* **WHAT YOU ARE ASKED TO DO**:
Copy the data exactly; pictures stay out of the copy.

* **DATA EXCERPT**:
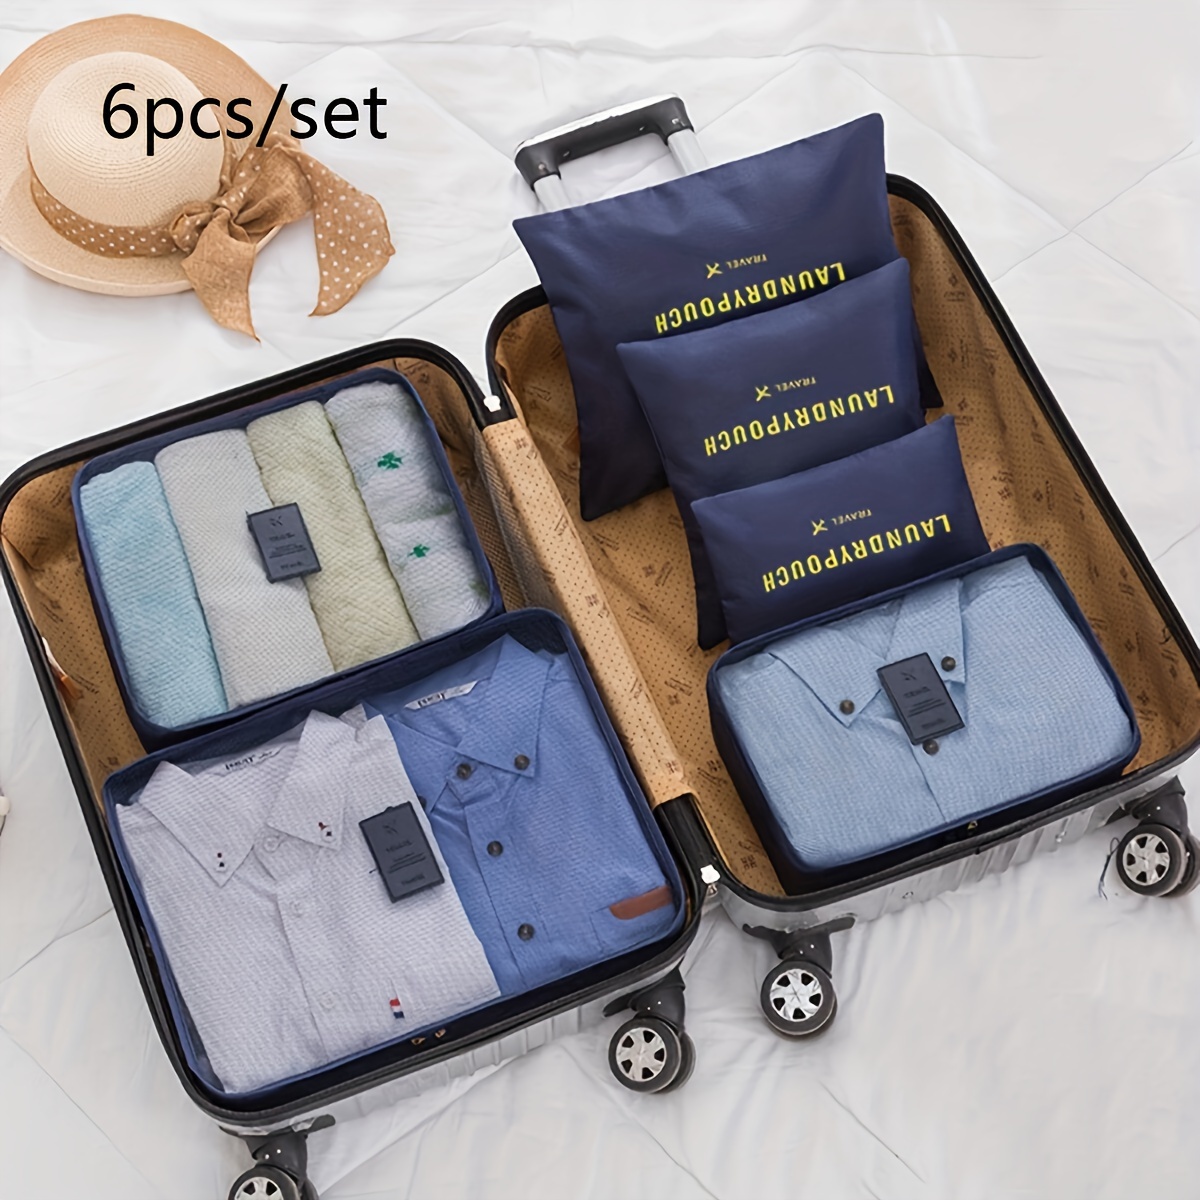 7pcs Travel Storage Bag Set, Business Trip Travel Underwear Organizer Bag,  Luggage Clothes Packing Cubes, Cosmetic Sub-packing Bag With Shoes Bag
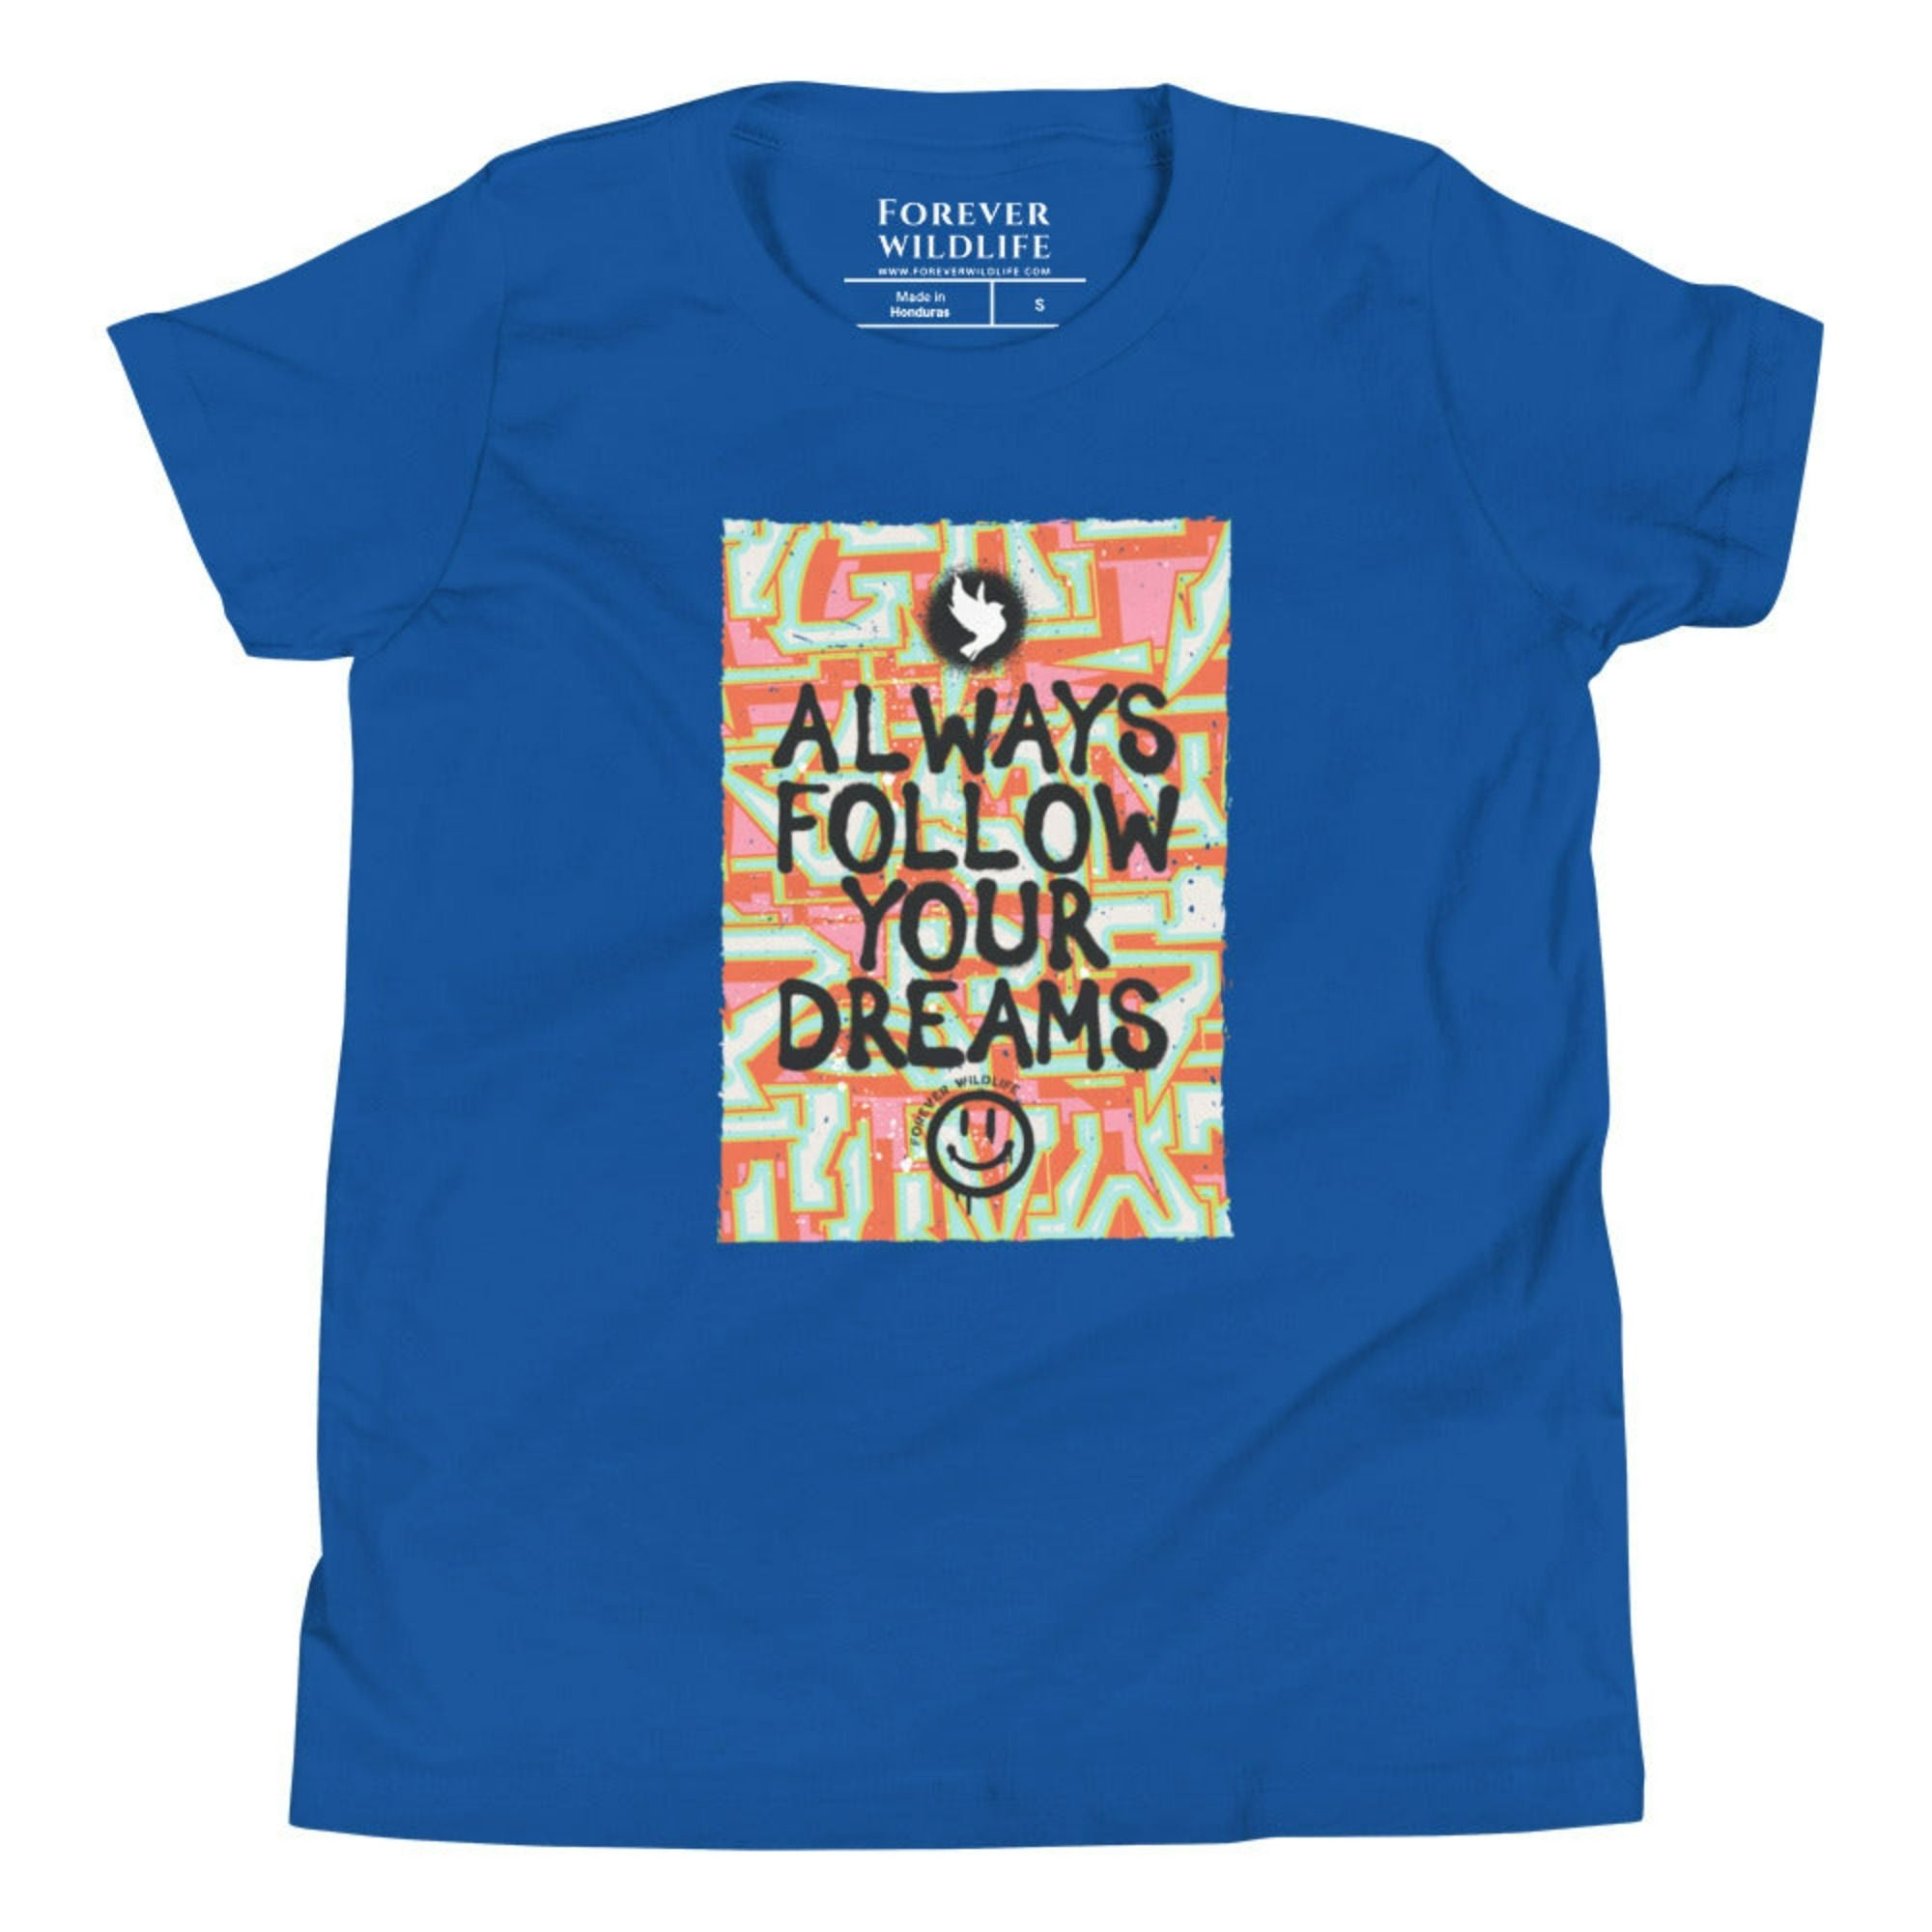 ALWAYS FOLLOW YOUR DREAMS DOVE YOUTH T-SHIRT
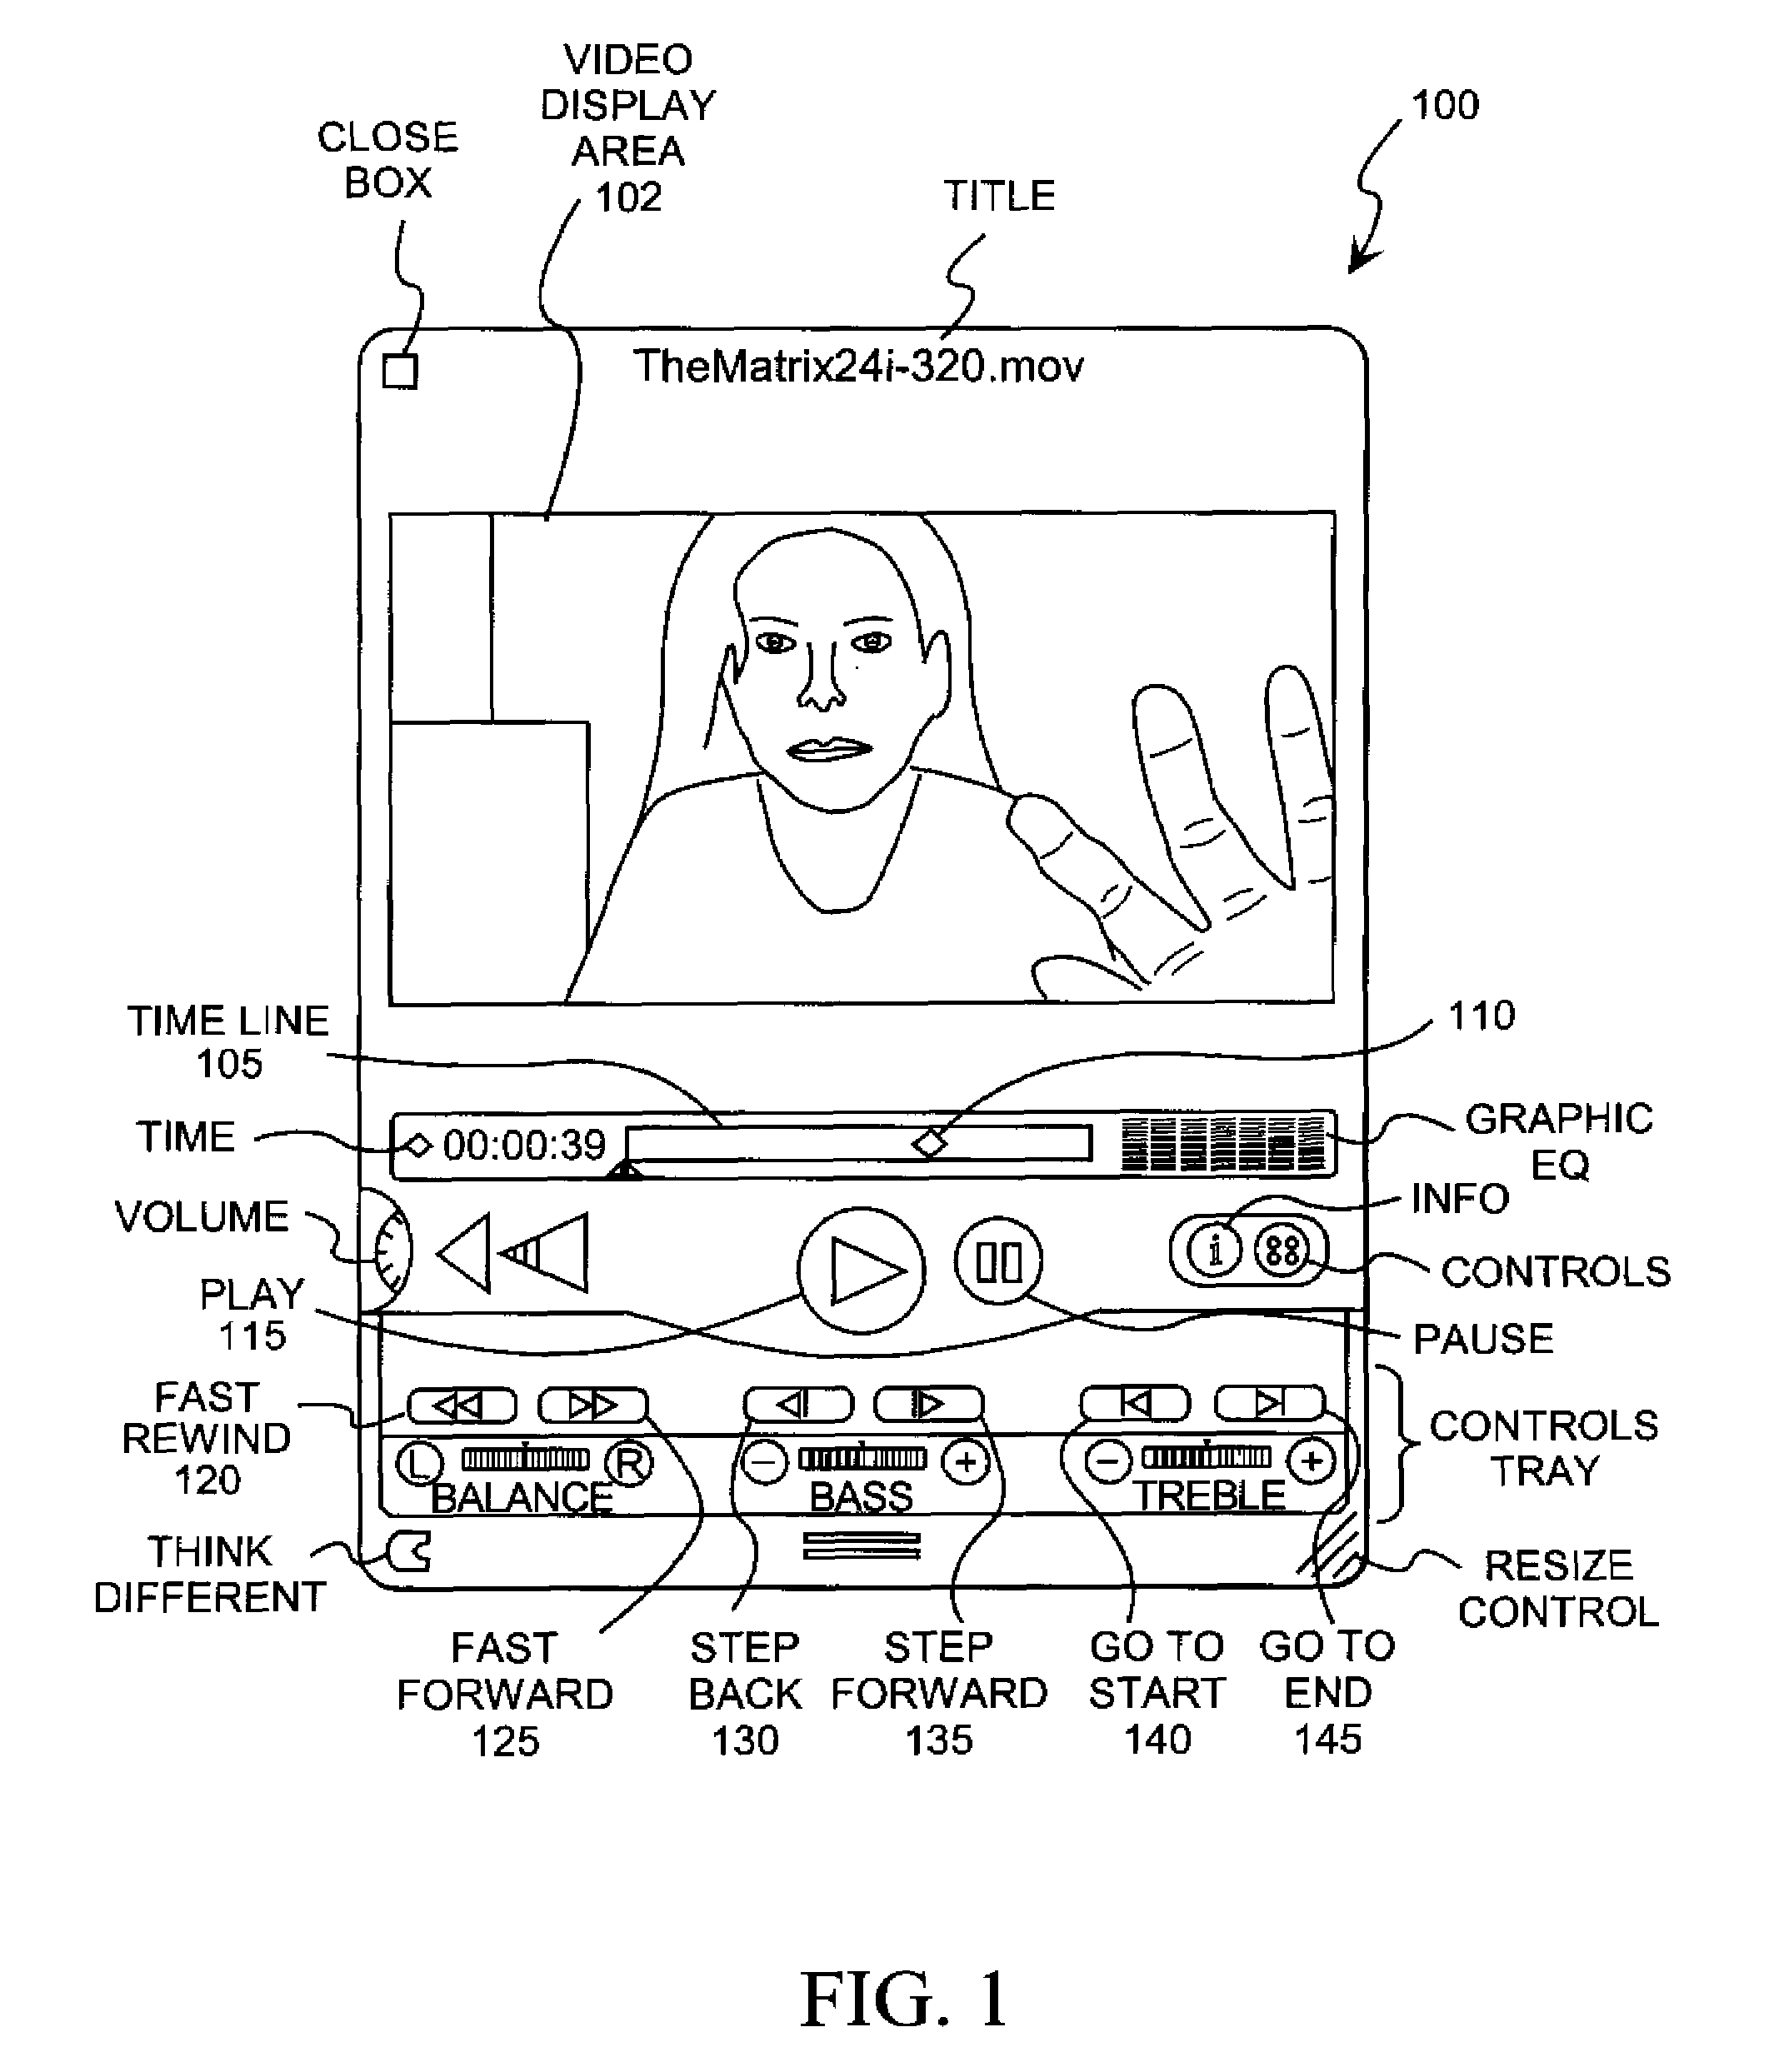 System and method for video access from notes or summaries

* **EXPECTED OUTPUT**:
 7pcs Travel Storage Bag Set, Business Trip Travel Underwear Organizer Bag,  Luggage Clothes Packing Cubes, Cosmetic Sub-packing Bag With Shoes Bag
 ALWAYS FOLLOW YOUR DREAMS DOVE YOUTH T-SHIRT
 System and method for video access from notes or summaries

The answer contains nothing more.